Under mounting pressure, the European wind industry calls for action to keep the sector competitive

27.09.2016

Feeling the pressure from regions that have ramped up investment in renewable energy, the European wind industry has put forward proposals on ways to keep competitive.

In the report “Making Transition Work”, WindEurope, the lobby group of the sector, said that the European Union should increase its renewable energy targets from 27 % to at least 30 % by 2030. The EU should also promote innovation to reduce costs and better integrate renewables in the energy system. These measure will offer stability and encourage more investment, according to the study.

The reasons of concern are twofold. First, outside Europe more than 70 countries made wind an important part of their strategy to comply with the 2015 climate agreement.

Second, an unstable regulatory framework has disrupted the European market in the past few years. Since 2013, new installations have declined in countries such as Italy, Portugal and Spain due to a “disordered transition of support mechanism.”

“New wind installations were down 9 % in the first half of 2016 year-on-year. The market for new onshore wind is increasingly concentrated in a small number of countries,” said Giles Dickson, CEO of WindEurope.

“Government policy on energy across Europe is less clear and ambitious than it was. Only 7 out of 28 EU Member States have targets and policies in place for renewables beyond 2020. We have dysfunctional electricity markets. The transition to auctions has been less smooth than it should have been. And we're lacking long-term signals for investment,” he continued. "China beats us on total volume and new installations, India on policy ambition, and the US in many areas of technology, especially on grid integration.
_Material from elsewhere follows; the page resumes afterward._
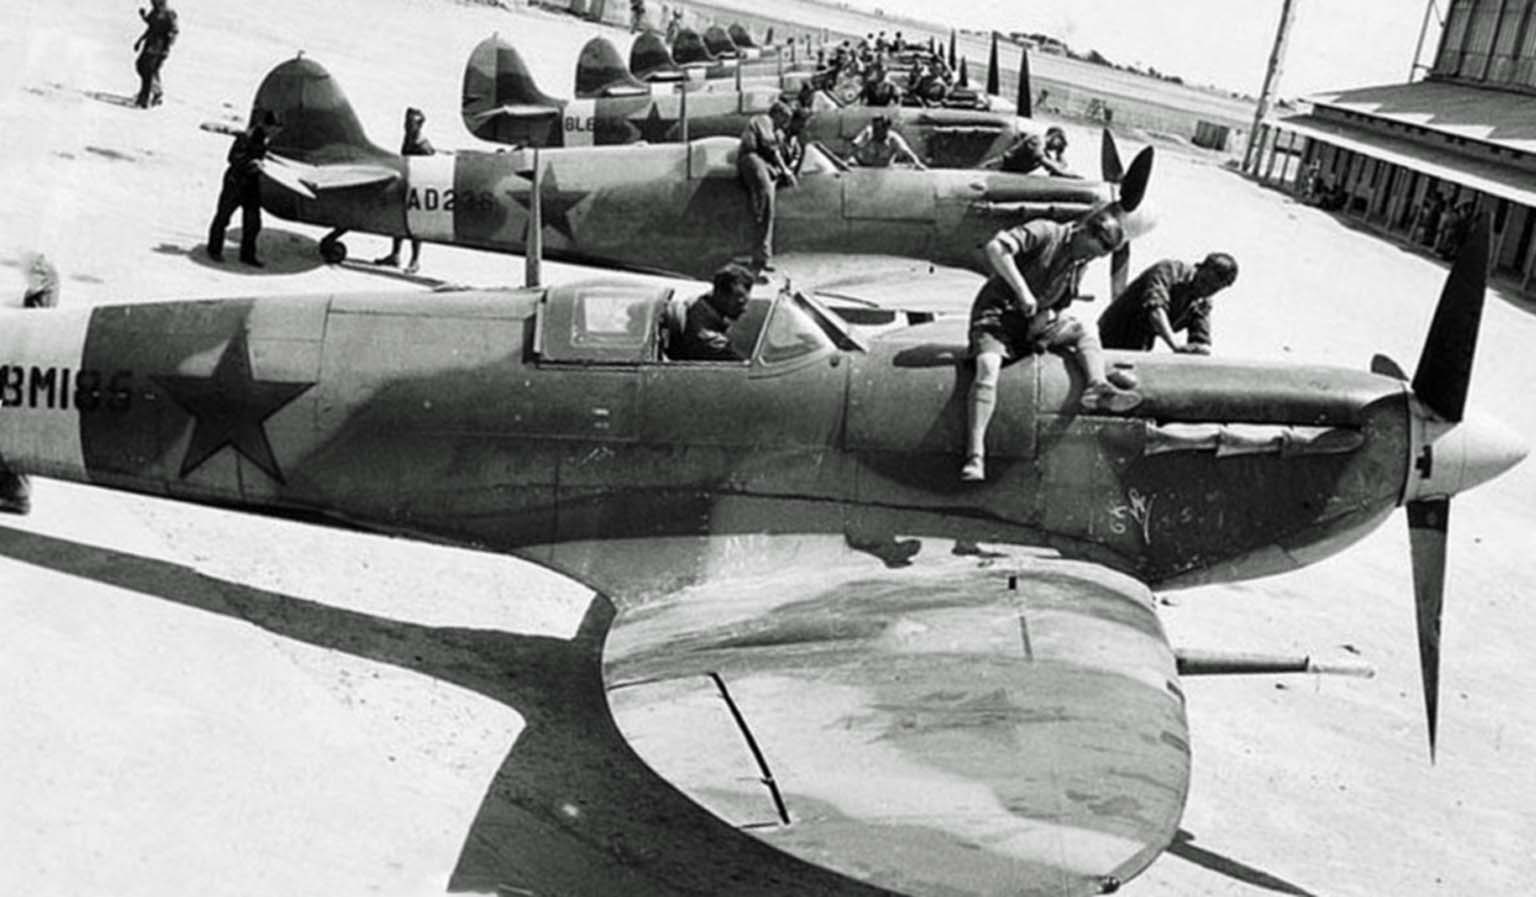 Spitfire fighters
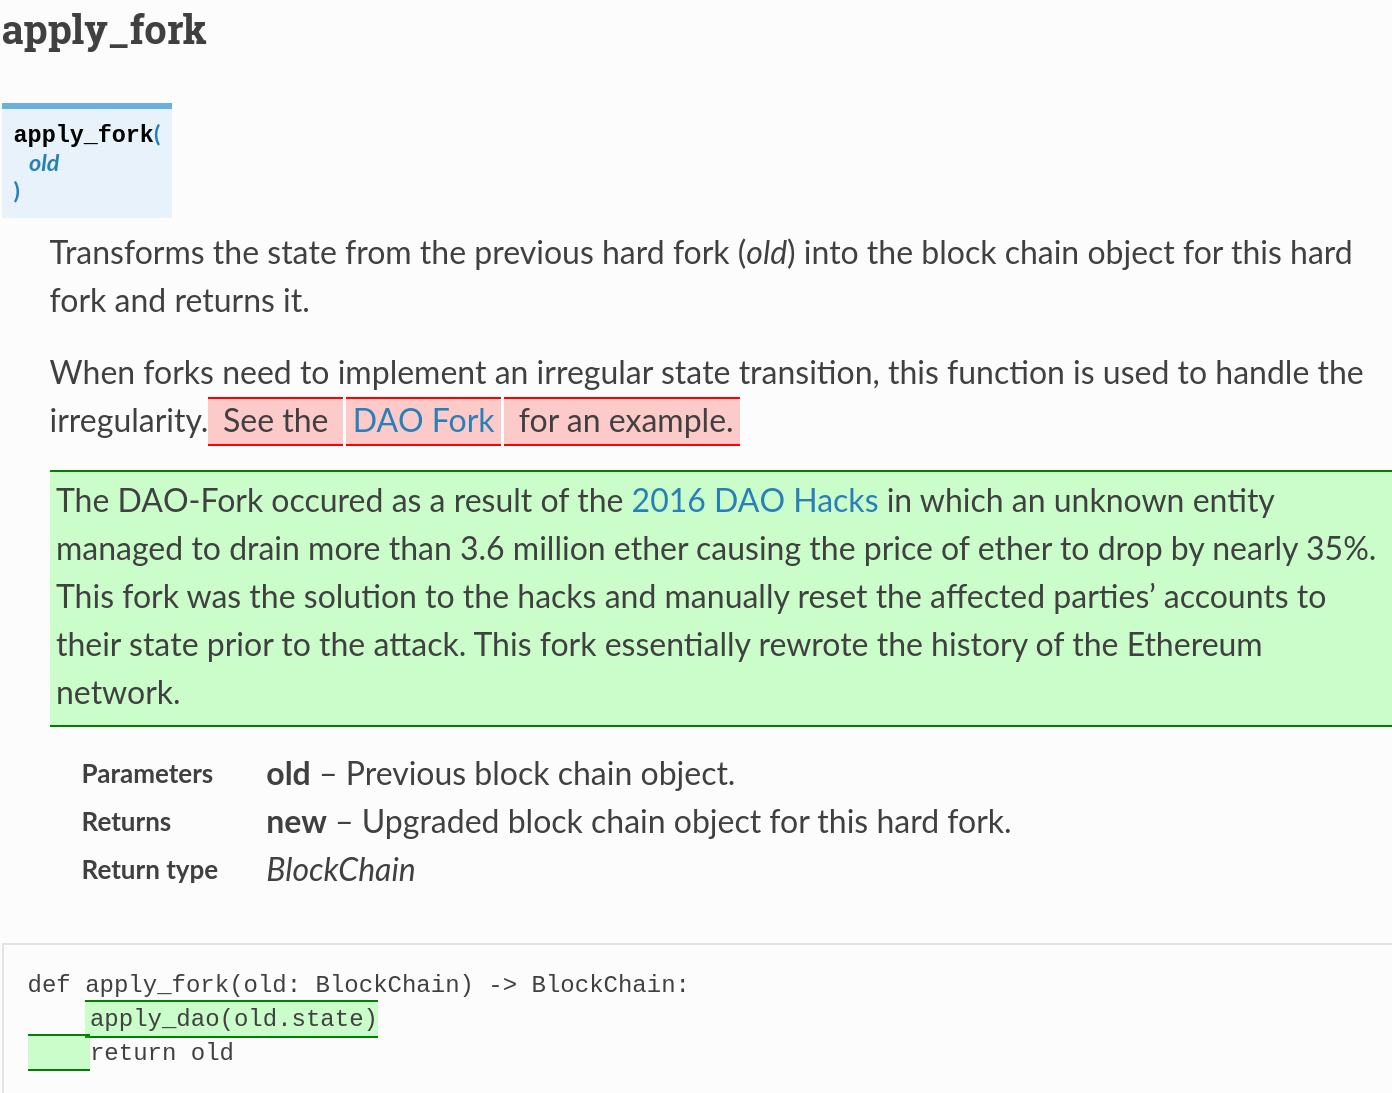 Screenshot of the differences in the apply_fork function between homestead and the DAO fork

We still have a competitive industry that's winning orders overseas. But we will lose that competitiveness if we don't have a strong domestic market."

The call comes as the European Commission plans to review the EU renewable energy directive. According to WindEnergy, the new document “should increase investor confidence by guaranteeing policy continuity at national level.”

WindEurope also wants a reform of the electricity markets to make them fit for more renewables. Electrification of other energy sectors, such as heating, cooling and transport, would increase demand for clean electricity. This is seen as the most effective way to reduce emissions in these areas.